I must grant it a place of value, when it comes to teaching small children social behavior, and even, perhaps, in keeping them safe. One shouldn’t run out into traffic. And one should speak courteously to all, no matter what feelings they induce. One should obey the law.

But when we come to emotions, it’s a killer. It creates a deep conflict if you believe you should feel something you don’t:

 “I should always love my mother.” Really? Even when she’s just blamed you for ruining her life by being born? Or maybe she’s just punished you for something your brother did? Should you always love your mother, even if she doesn’t love you? That’s tragic, but all too often true.

“You should forgive your enemies.” That’s probably a good idea, for your own health, and in the long run. But not before you’ve hated them for hurting you. The best way to get stuck in resentment is to “forgive” before you’ve let yourself experience all the feelings brought up by the hurt.

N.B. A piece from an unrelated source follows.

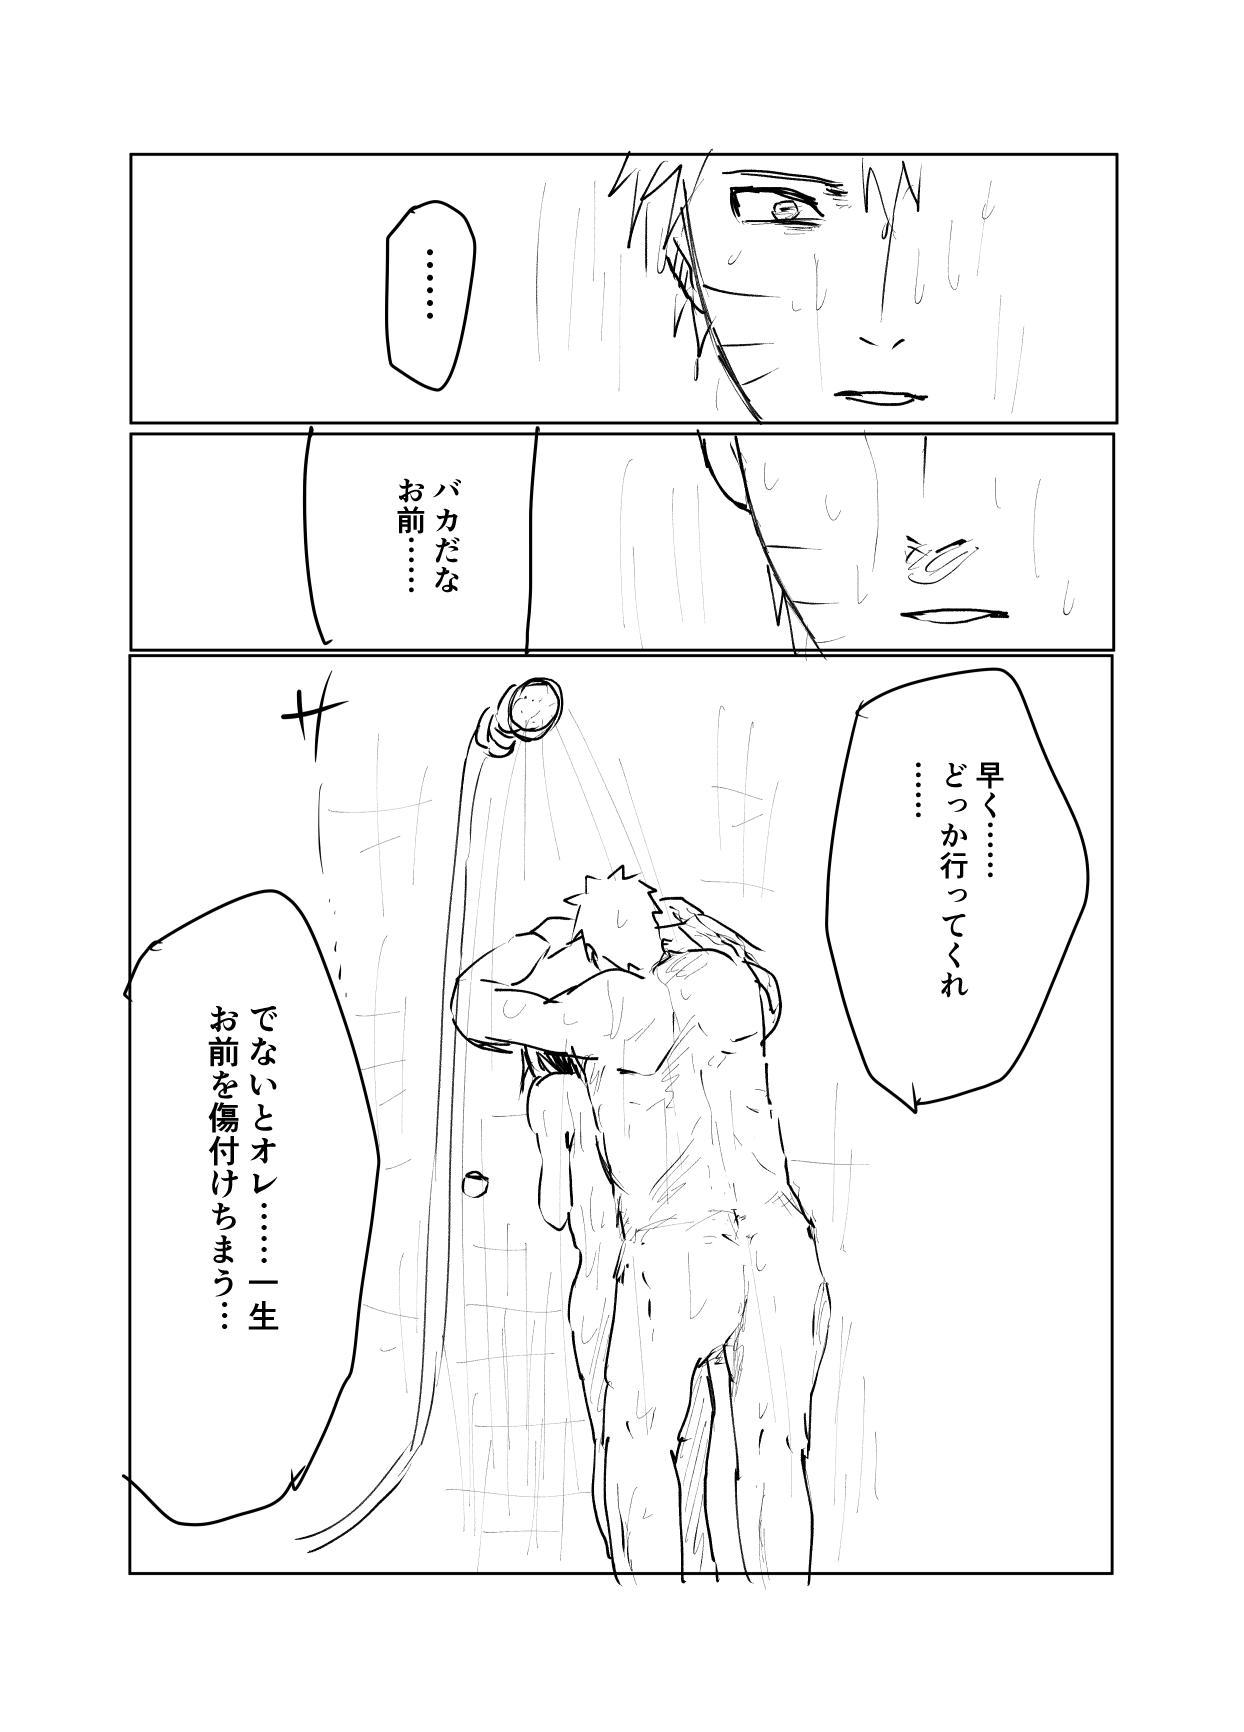 嘘告白漫画 96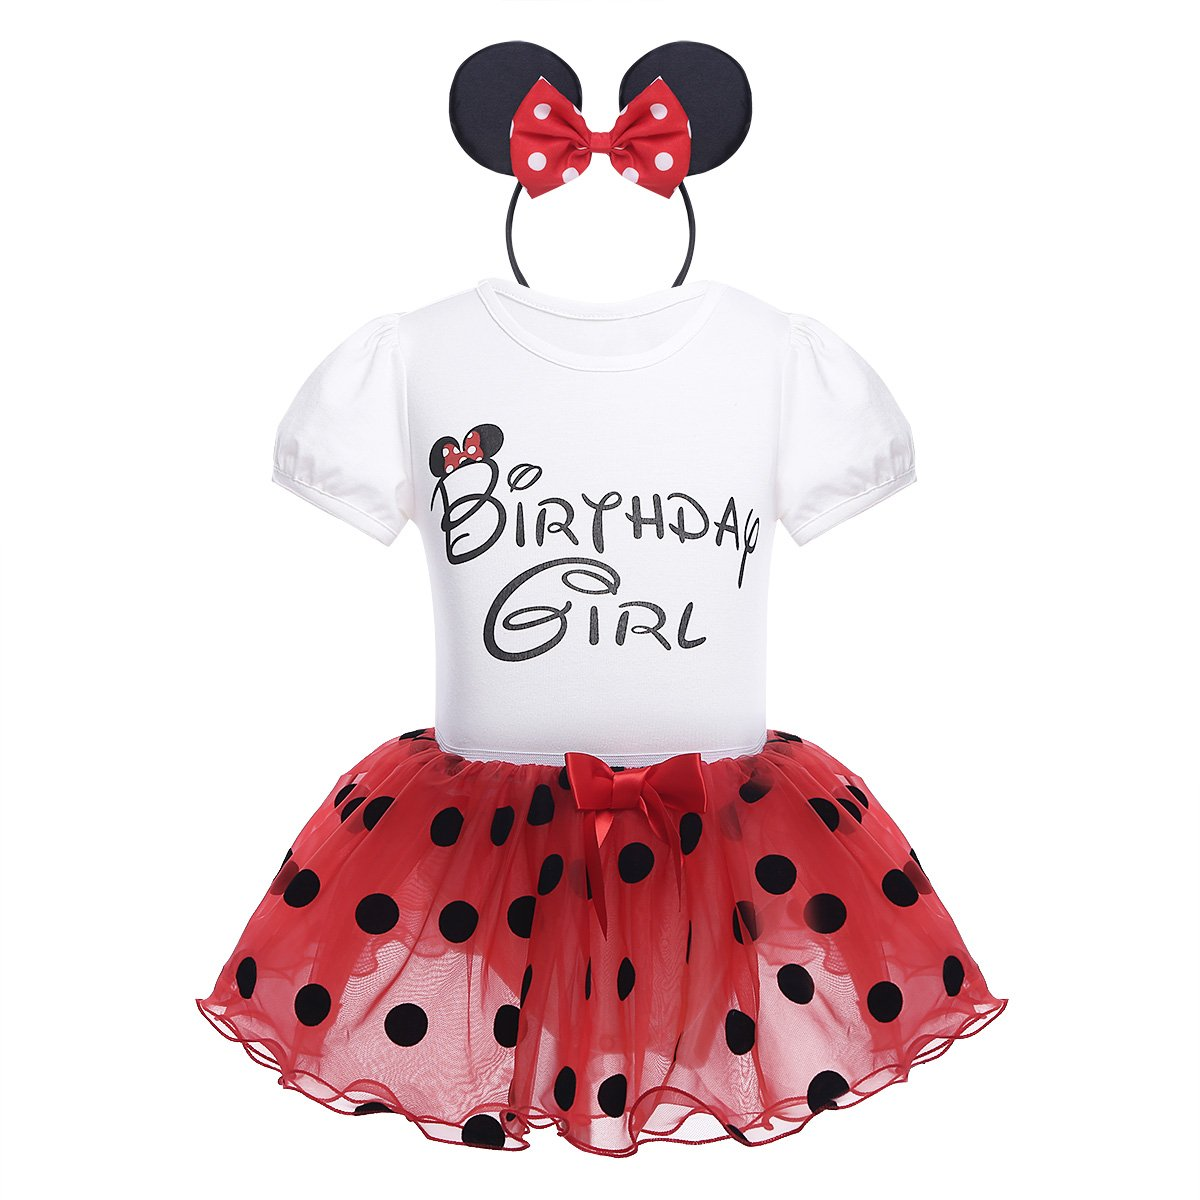 iEFiEL Babykleider Kostüm - Baby Mädchen Kleidung Set Kurzarm-Body Baumwolle Strampler im Kleid Look

How about just plain old, “you shouldn’t feel that way”? How often does a friend think she’s helping you out, by saying that? Maybe you’ve misunderstood her intent, or maybe you’re feeling something politically incorrect. Maybe you’re even mad at yourself for something beyond your control! But you feel the way you feel, and trying to feel something you don’t -- even something you wish you could feel -- is worse than futile.

Why worse than futile? Because emotions naturally flow. Many of them take under 20 seconds to pass, if I just feel them fully and let go of them. But if I fight them, or decide I should be feeling something else, they get stuck in me. Emotions stuck in me for long enough sour and turn into something much uglier, like resentment. I can hate my husband for disappointing me -- really hate him -- and then remember in the next moment that I love him, too. If I don’t let myself have my hate, I very likely could bring up that disappointment six months from now -- and now it looks more like “You never do anything I want!”

There’s another use of “should” that plays into the effort to live life as we’d like to. This is the gray area between emotions and actions, for example, “I should clean the kitchen.” I can believe that the kitchen needs cleaning, and it may be that you’re not doing any other onerous task at this moment, but if this “should” prevents you from enjoying another activity, a life-enhancing activity, I’m not so sure it will help you get that desired life. 

I all too often see people who whip themselves mercilessly with the things they “should” do, or “should” feel, if they want to be “good.” Too much “should” can make you forget that you’re just another human being, with needs and flaws, who makes mistakes, and who has an amazing, thrilling, delightful ability to enjoy your life.

We all do it, to some extent. It’s built in to the desire to be in charge of ourselves and to control the world around us. I have found that, if you are one of those who over-uses “should,” substituting “could” can help. Then “I should clean the kitchen” becomes “I could clean the kitchen,” and “I shouldn’t be glum” becomes “I could find something to enjoy.”

Well, I just told myself I should go do an errand. I don’t think I’m going to stop using that word anytime soon. I could have said to myself, “this would be a good time to…” But habit is habit, and training is training, and I’m not going to “should” on myself for telling myself I “should.”